47 studenti suddivisi in esperti e non-esperti sono stati sottoposti a misurazioni elettroencefalografiche (EEG, registra l’attività elettrica cerebrale) e a misurazioni della risposta galvanica (GSR, registra le variazioni continue nelle caratteristiche elettriche della pelle) durante l’ascolto della lettura di tre estratti – uno per ciascuna delle tre cantiche (Inferno, Purgatorio, Paradiso) – della Divina Commedia di Dante Alighieri e delle corrispondenti parafrasi registrate su tracce audio.
In particolare, tramite EEG gli autori hanno misurato l’indice di Interesse Cerebrale, vale a dire il grado di approccio/rifiuto nei confronti dello stimolo e l’indice di Sforzo Cerebrale, ovvero il grado di sforzo cognitivo esperito durante l’ascolto; mentre tramite GSR hanno misurato il valore fisiologico del coinvolgimento emotivo (arousal).

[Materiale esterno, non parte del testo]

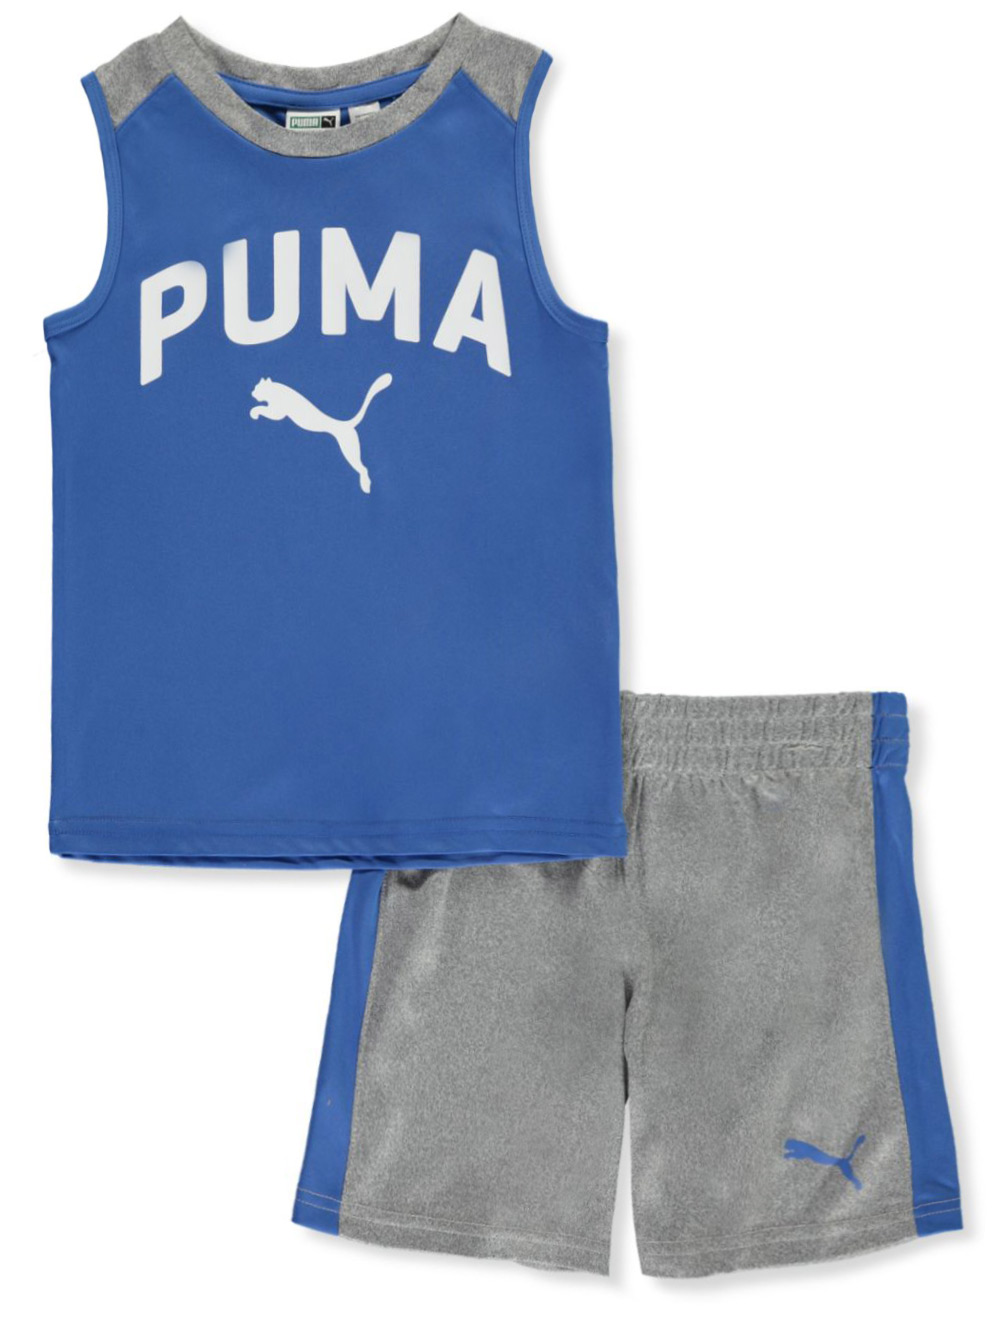 puma boys outfit

Al termine delle sessioni di ascolto, inoltre, ai partecipanti è stato chiesto di rispondere a un questionario breve con lo scopo di valutare se avessero riconosciuto e apprezzato le tracce audio e, in ultimo, di riportare per iscritto il contenuto delle registrazioni per verificarne la correttezza.
I risultati sembrerebbero affermare che gli esperti rispetto ai non-esperti siano meno commossi dalla poesia ma l’apprezzano maggiormente, confermando l’idea che la diminuzione dell’intensità emotiva sia un segnale dell’expertise, cioè della capacità di riconoscimento di un’opera d’arte da parte di una persona esperta. Nei non-esperti, tuttavia, è stato osservato che la conoscenza li rendeva più felici: infatti, man mano che hanno riconosciuto e ricordato in maniera corretta il materiale è aumentato anche il loro grado di apprezzamento verso l’opera.
Questi risultati sono in accordo con la Cognitive Fluency Theory (Reber, Schwarz, & Winkielman, 2004), secondo la quale i modelli ricorrenti come la metrica e il ritmo di una poesia favoriscono una maggiore fluidità percettiva – facilità di elaborazione delle informazioni – e, di conseguenza, un maggiore apprezzamento estetico. È importante sottolineare, però, che mentre queste componenti ricorrenti possono aumentare la bellezza e quindi l’apprezzamento di un’opera, allo stesso tempo, possono diminuirne la facilità di elaborazione semantica, come osservato nei non-esperti: quando, infatti, questi non possedevano conoscenze a sufficienza dell’opera, tendevano a fornire giudizi di pancia e meno ragionati.
Concludendo, la neuroestetica della poesia sembra suggerire che la bellezza di un’opera letteraria sia suscitata dalle conoscenze pregresse di essa e dalle sue componenti ricorrenti perché ne facilitano l’elaborazione percettiva, ma ciò vale soprattutto per chi non è esperto poiché le sue cognizioni sono ancora strettamente intrecciate alle proprie emozioni; invece, l’apprezzamento mostrato dagli esperti sembra essere determinato da aspetti principalmente cognitivi piuttosto che emotivi.
Adesso mi chiedo: vuoi vedere che mi sono emozionato solo io nel completare mentalmente il verso di Dante in cima all’articolo, in quanto non-esperto, e invece qualcuno che ne sa più di me o chi addirittura non conosce il verso non ha provato praticamente nulla?!
Bibliografia
Alighieri, D. (2014). Inferno Canto I. In G. Fallani, e S. Zennaro (a cura di), Divina Commedia (pp. 31-37). Roma, IT: Newton Compton Editori.
Cartocci, G., Rossi, D., Modica, E., Maglione, A. G., Martinez Levy, A. C., Cherubino, P., Canettieri, P., Combi, M., Rea, R., Gatti, L., & Babiloni, F. (2021). NeuroDante: Poetry Mentally Engages More Experts but Moves More Non-Experts, and for Both the Cerebral Approach Tendency Goes Hand in Hand with the Cerebral Effort. Brain Sciences, 11(3), 281.
Reber, R., Schwarz, N., & Winkielman, P. (2004). Processing fluency and aesthetic pleasure: Is beauty in the perceiver's processing experience?. Personality and social psychology review, 8(4), 364-382.